Specifically, the City and County will use these loan proceeds to purchase a now-vacant building, then lease this property to a home corporation, in a twenty-year lease agreement where the lessee, the home corporation will be required to make all of the lease payments and to post a letter of credit for the full amount of the debt to insure the full repayment of the indebtedness.

My brother is attorney for the County Board of Supervisors.  I am an attorney for the City in that county.  My brother and I both are among the numerous shareholder/investors in the home corporation, a for-profit Mississippi Corporation.  Each of us owns a minority interest in the company, but together our interest, including my spouse’s interest, exceeds 10% of the total outstanding stock.

The purpose of this letter is to request a formal opinion from the Ethics Commission as to whether the lease arrangement described in this letter complies with all the ethical rules overseen by the Ethics Commission.

In judging this matter, you may find your Opinion Nos. 04-082-E and 05-065-E, to be analogous and useful.


Based solely on the facts and circumstances presented by the requestor, the Commission’s opinion is as follows.

Section 25-4-105(3)(a), Miss. Code of 1972, quoted above, prohibits a public servant from having a material financial interest in a business which is a contractor, subcontractor or vendor with the governmental entity with which the public servant is associated. An attorney for a municipality and an attorney for a board of supervisors are both public servants, as defined in Section 25-4-103(p), above. See Ops. Miss. Ethics Commn. No. 05-063-E, 04-115-E and 96-055-E for further explanation.

Depending on the respective percentages of ownership and levels of income the individual attorneys or their spouses receive from the home corporation, they may each have a “material financial interest” in the corporation, as that term is defined in Section 25-4-103(k) above. Assuming both attorneys do hold a material financial interest in the home corporation, that corporation is prohibited from being a contractor to the attorneys’ respective governmental clients.

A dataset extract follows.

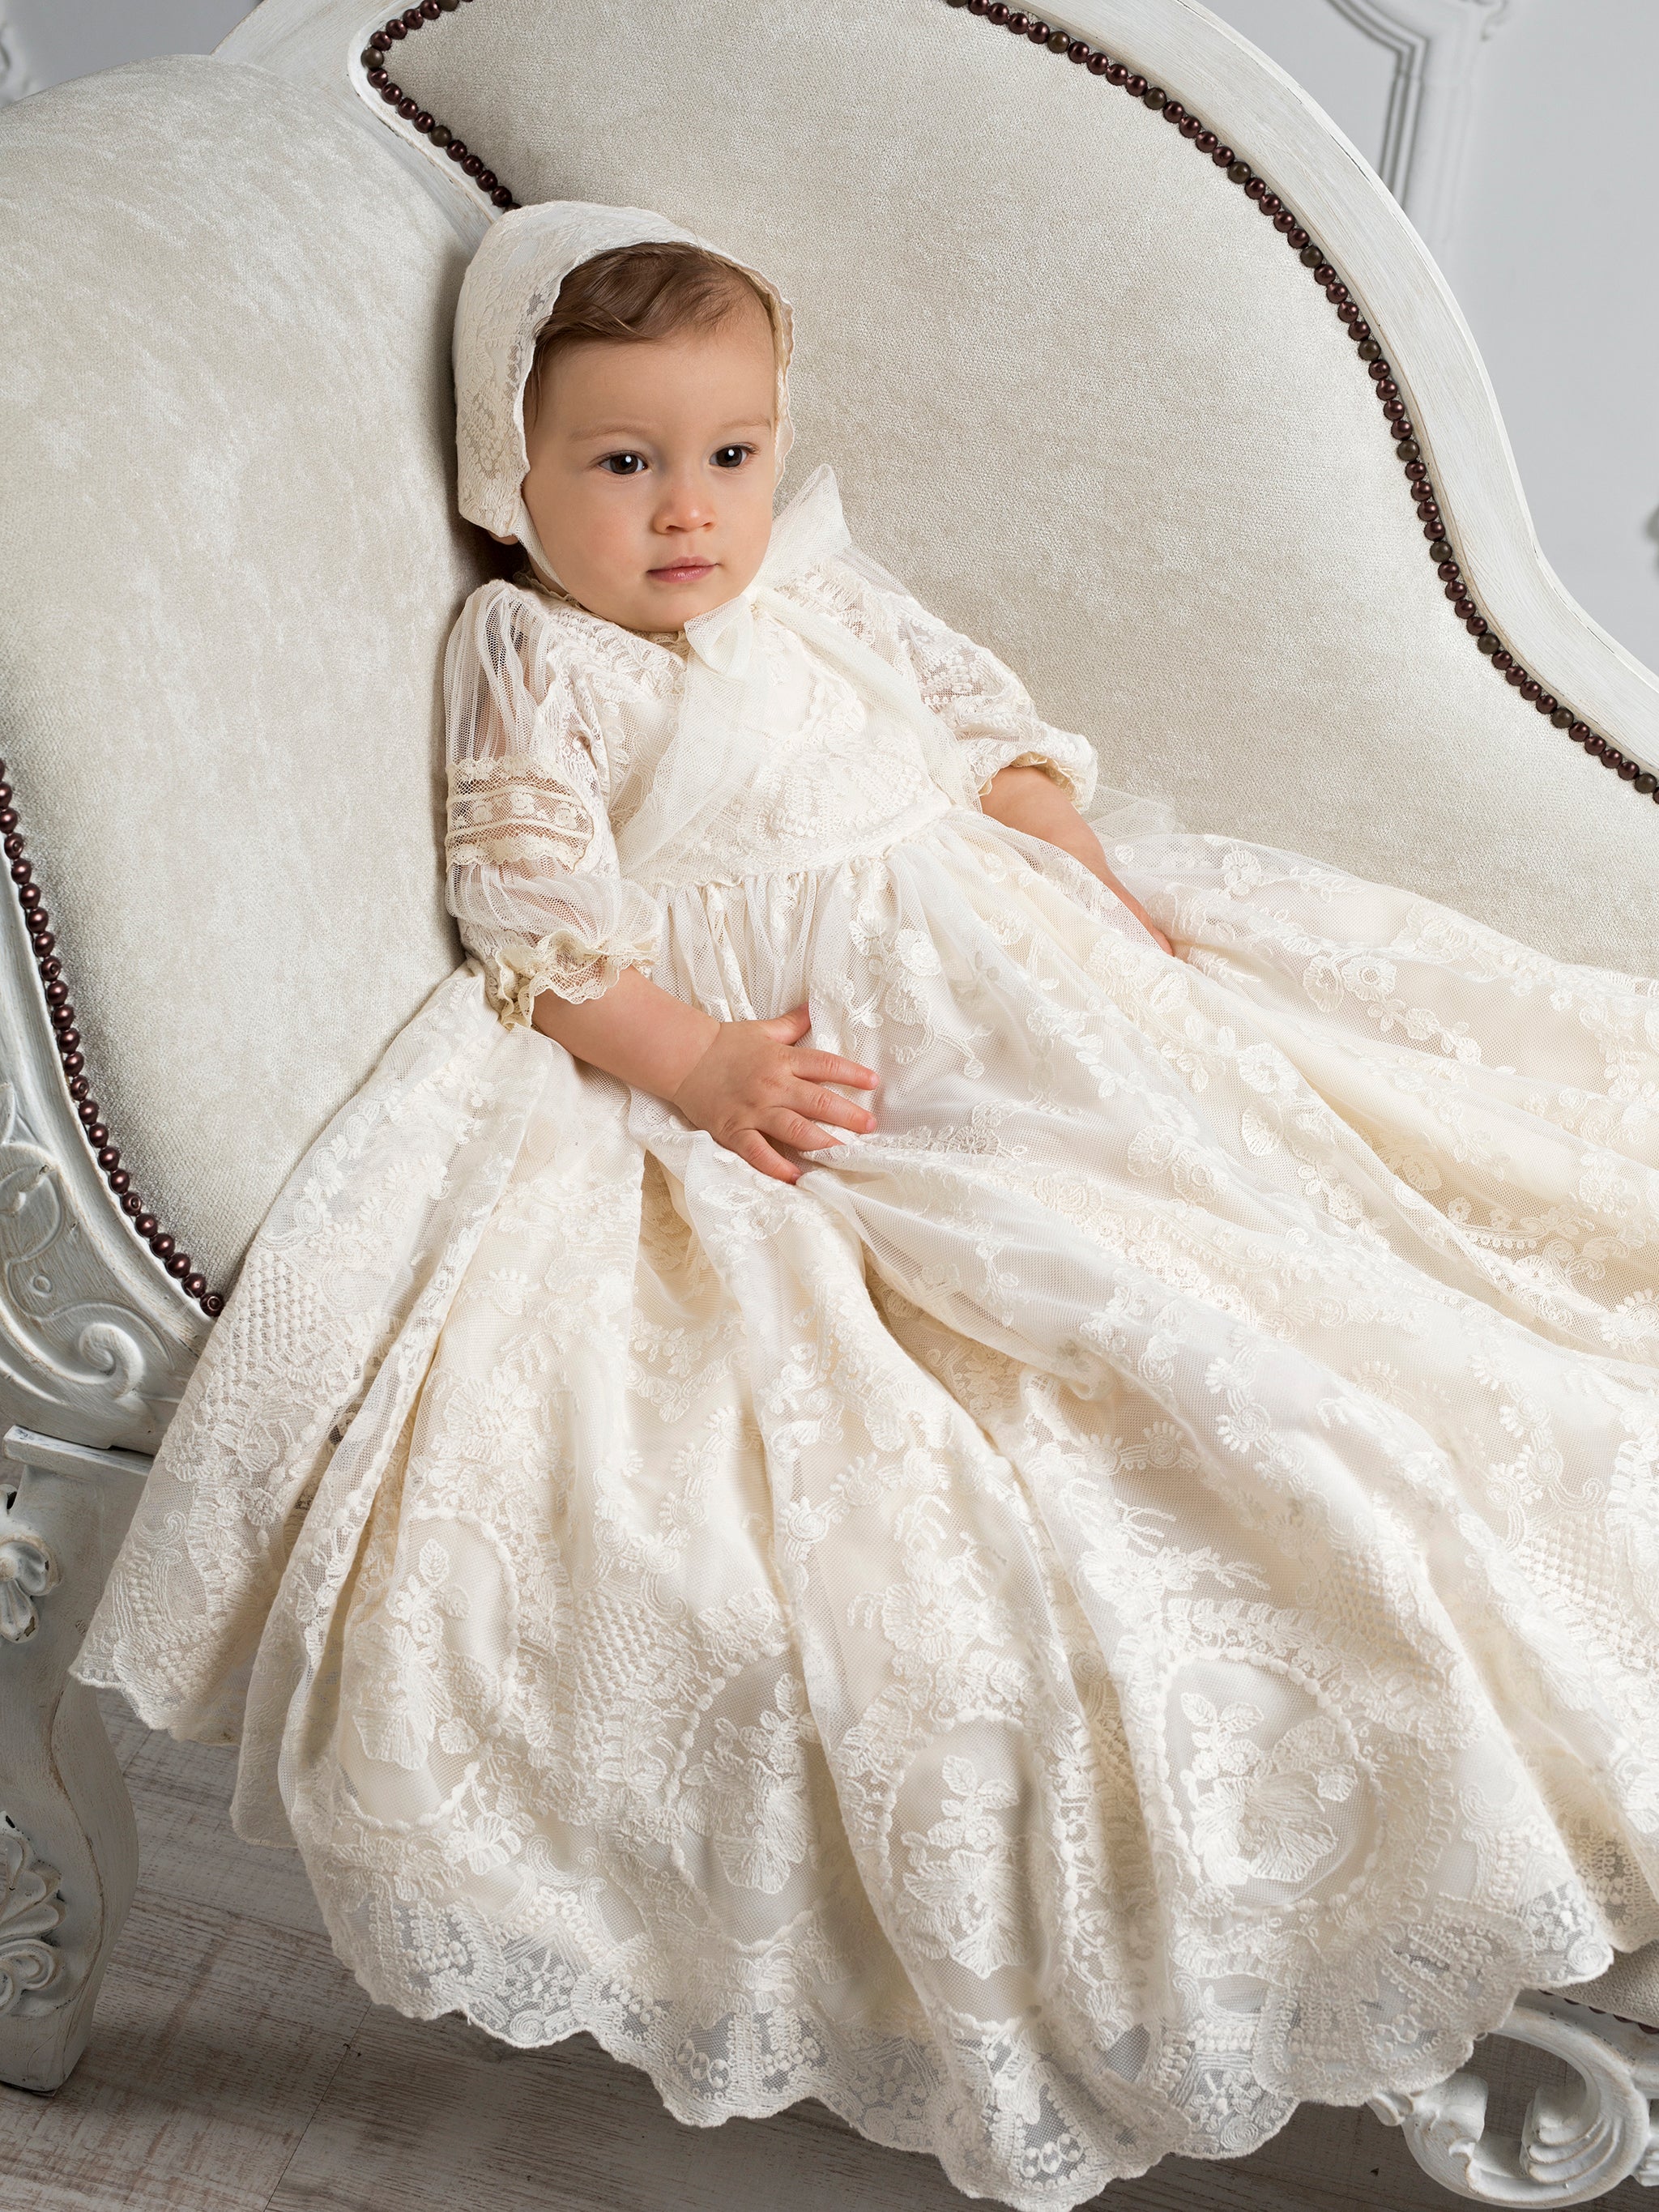 Tara Stunning Sequined Beaded Lace Christening Gown Baptism, 56% OFF

While the proposed lease agreement is clearly a contract, not every party to a contract with the government is a “contractor” to the government in the context of Section 25-4-105(3)(a). “The term contractor is generally used in the strict sense of one who contracts to perform a service for another and not in the broad sense of one who is a party to a contract.” Moore, ex rel. City of Aberdeen v. Byars, 757 So.2d 243, 248 ( 15) (Miss. 2000). Here the governmental entities are providing a service, in the form of leased property, to the home corporation. Thus, the home corporation is not a contractor to the lessor governments, and no violation of Section 25-4-105(3)(a) will result if the proposed lease agreement is executed.

However, the government attorneys should take measures to ensure no violation of Section 25-4-105(1) occurs. That subsection will prohibit the attorneys from taking any action in their respective governmental positions which would confer any pecuniary benefit upon a “business with which [they are] associated,” as that term is defined in Section 25-4-103(d) above. Once again, the home corporation may or may not meet that definition, depending on the respective percentages of ownership and levels of income the individual attorneys or their spouses receive from that corporation. Assuming the home corporation does meet the definition, the attorneys would be obliged to fully recuse themselves from any action taken by their respective governmental clients in this matter.

A total and complete recusal requires that the public servant not only avoid debating, discussing or taking action on the subject matter during official meetings or deliberations, but also avoid discussing the subject matter with staff or any other person. This includes casual comments, as well as detailed discussions, made in person, by telephone or by any other means. Furthermore, the minutes of the meeting should state the recusing member left the room before the matter came before the public body and did not return until after the vote. Thus, any legal services these governmental entities may require in connection with this lease agreement must be provided by another attorney.